Front’s Sketch Furniture

04Dec07 by matt

Front logo
The Swedish design group Front first showed their ‘Sketch Furniture’ at Tokyo Design week in November 2006. The original video of the Front designers creating this furniture was removed from You Tube some time ago, but I just found out a new video has been posted. This one’s much the same as the original, but shows the ’sketching’ in a new environment and visualises the linework better.

 

I’ve been a fan of Front’s work for some time, what I really like is how they ignore the way that design ’should’ be done, understanding that when you define a process you inevitably also define the outcome. Traditional industrial- and engineering- design processes are intended to remove the possibility of mistakes, whereas much of Front’s work embraces uncertainty and gives up the control over the final product that designers usually fight for.

Rat Wallpaper

Wallpaper patterns created by rats. Image © Front

 Tensta floor

Patterns worn in the floor of the Tensta Konsthall.  Image © Front

The sketch furniture also embraces this notion of uncertainty - if you watch the video you can see that the designers are essentially drawing ‘blind’, and sometimes make ‘mistakes’ in understanding where their hand is in relation to what they have already drawn. Quite obviously, if this were a conventional sketch where the designers could see what they were doing, and even correct their mistakes, the final products would have a very different aesthetic.

Sketch Furniture 

 Sketch Furniture. Image © Front

In relation to my own work I find  this project especially interesting for a number of reasons. The first, not surprisingly, is the use of rapid prototyping technologies to create products, rather than prototypes. But I’m also interested in the way that Front are able to give up control, and get creative satisfaction from the idea behind the product, rather than the exact nature of the product itself.

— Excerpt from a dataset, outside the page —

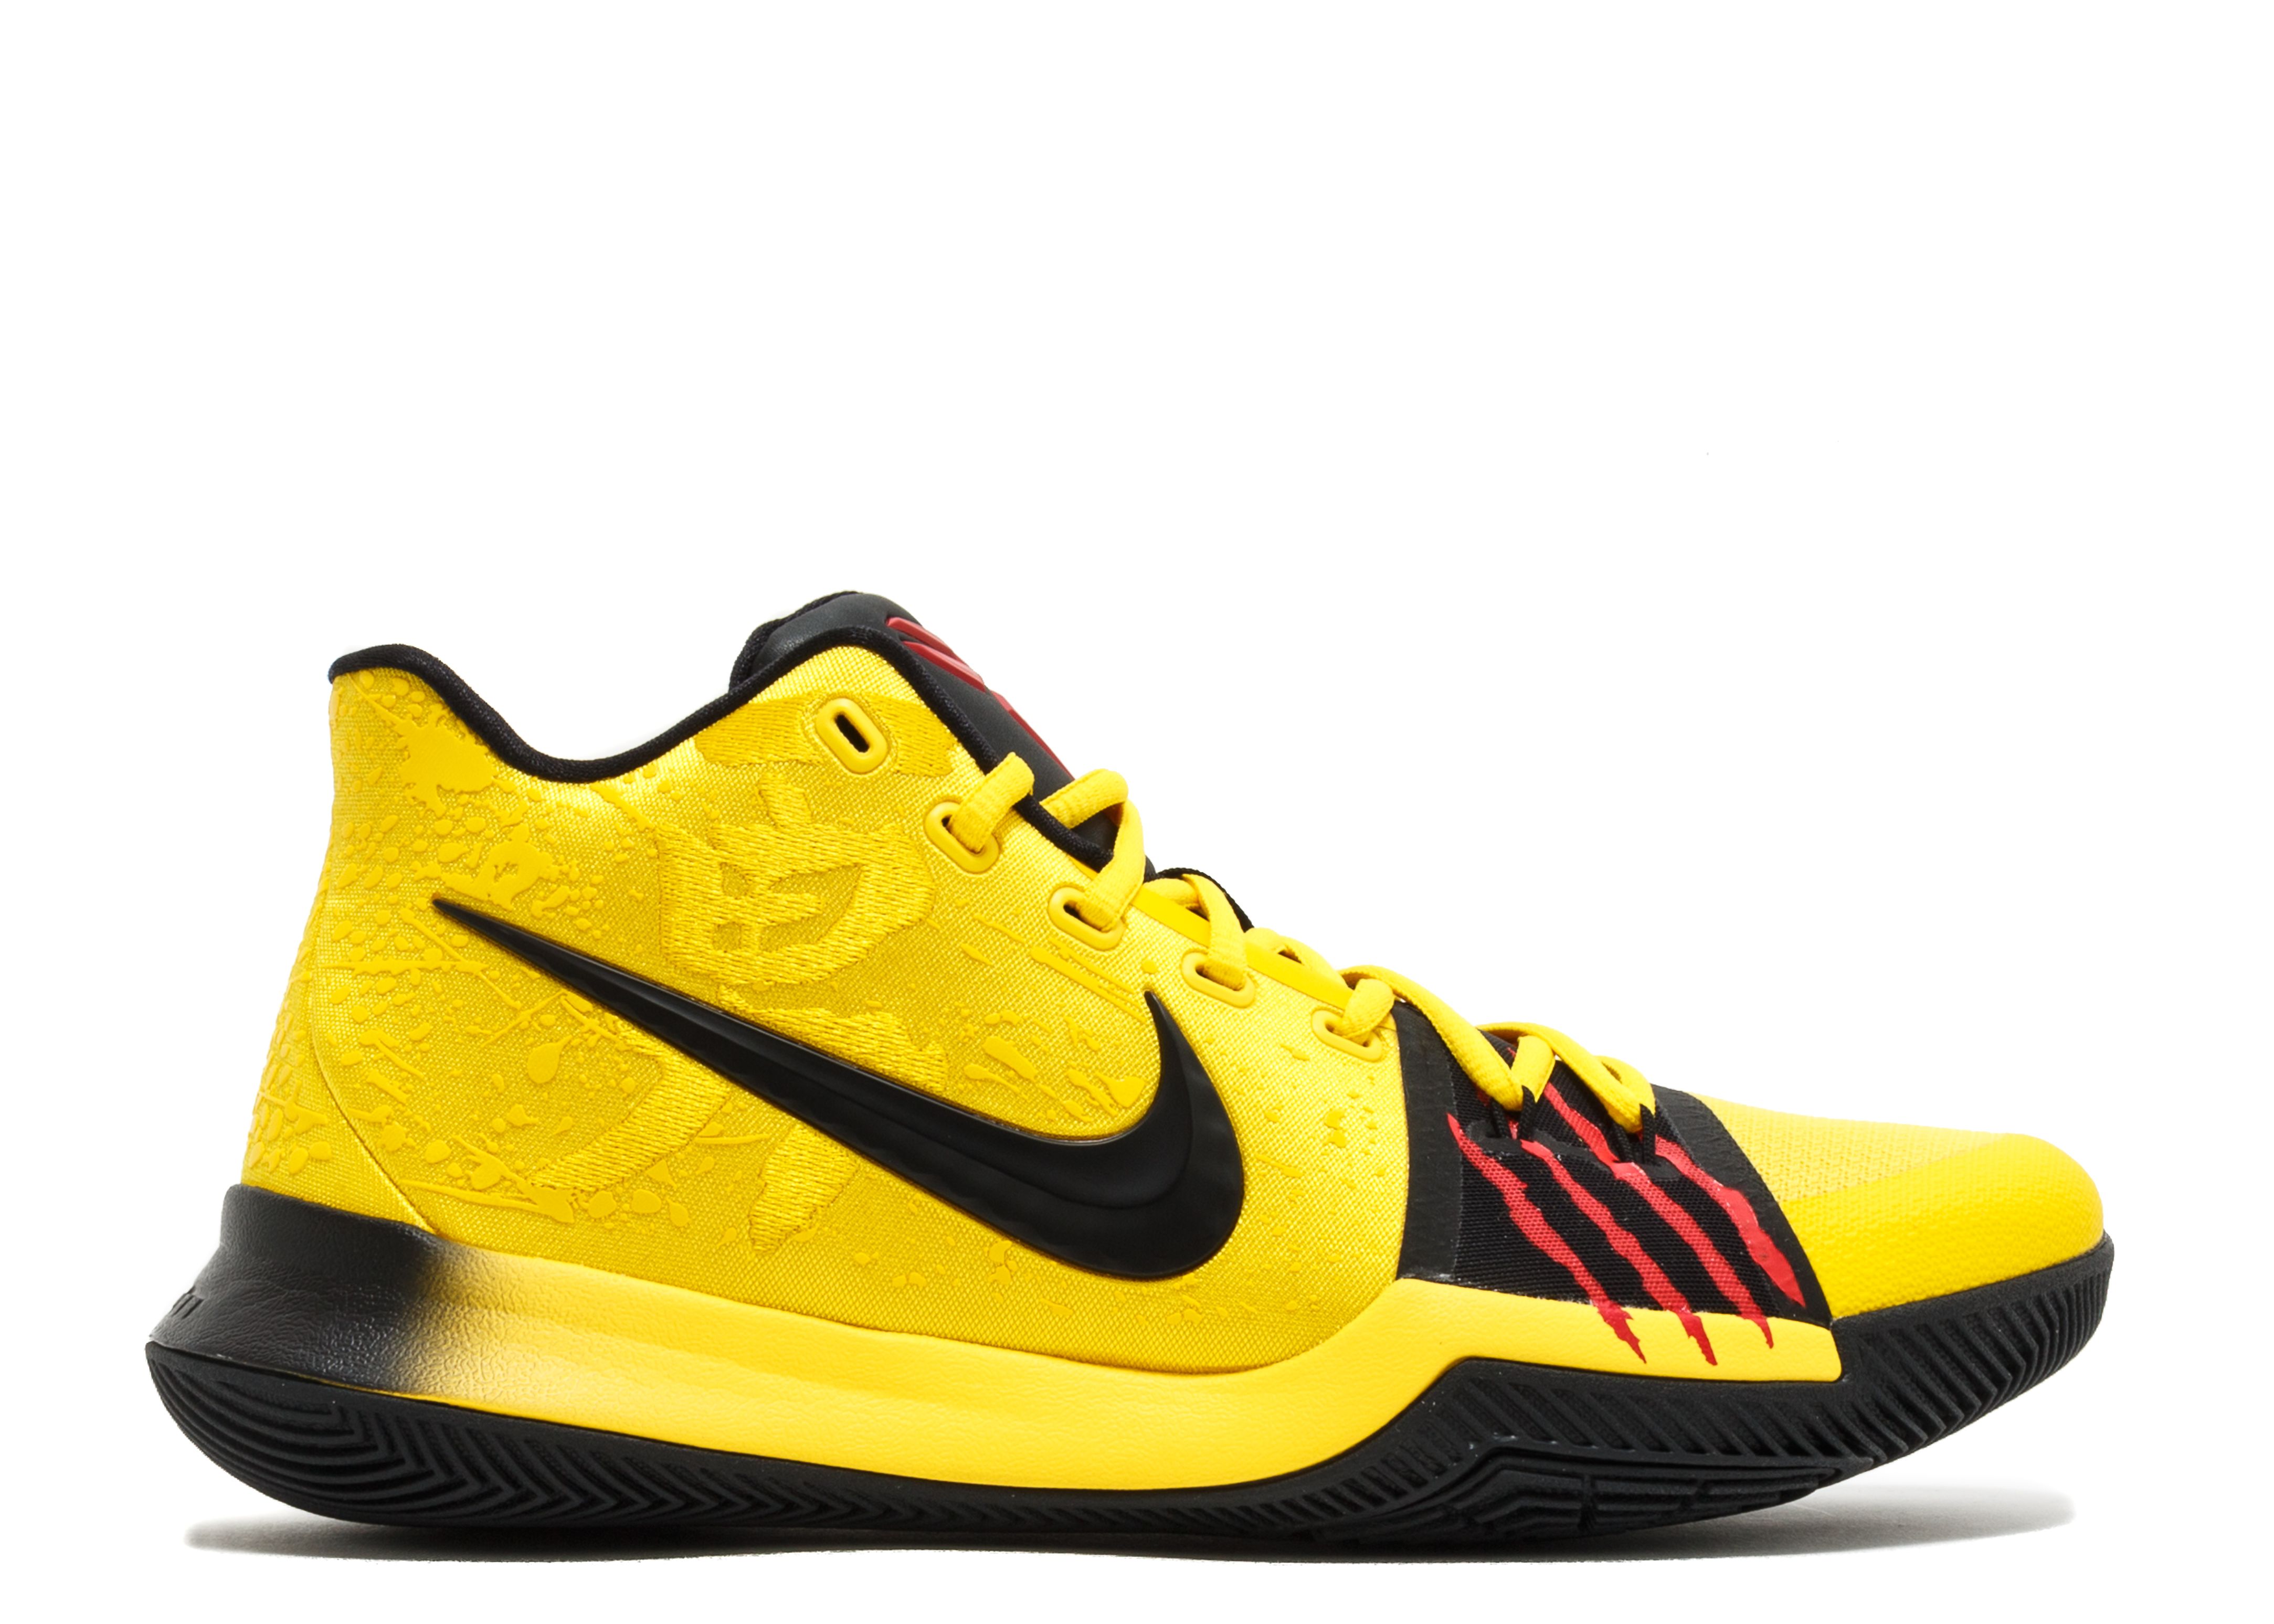 kyrie shoes black and yellow

This is something I would argue that designers will need to do in future, as they allow consumers to decide the ultimate aesthetic rather than dictate it themselves. It’s also something that many designers I talk to find extremely hard to envisage. And finally the process itself, drawing in the air as anyone can do, shows what happens when we as designers free ourselves from what we are taught is the way things should be done. Consumers, who have never been taught design, will certainly be free of such constraints.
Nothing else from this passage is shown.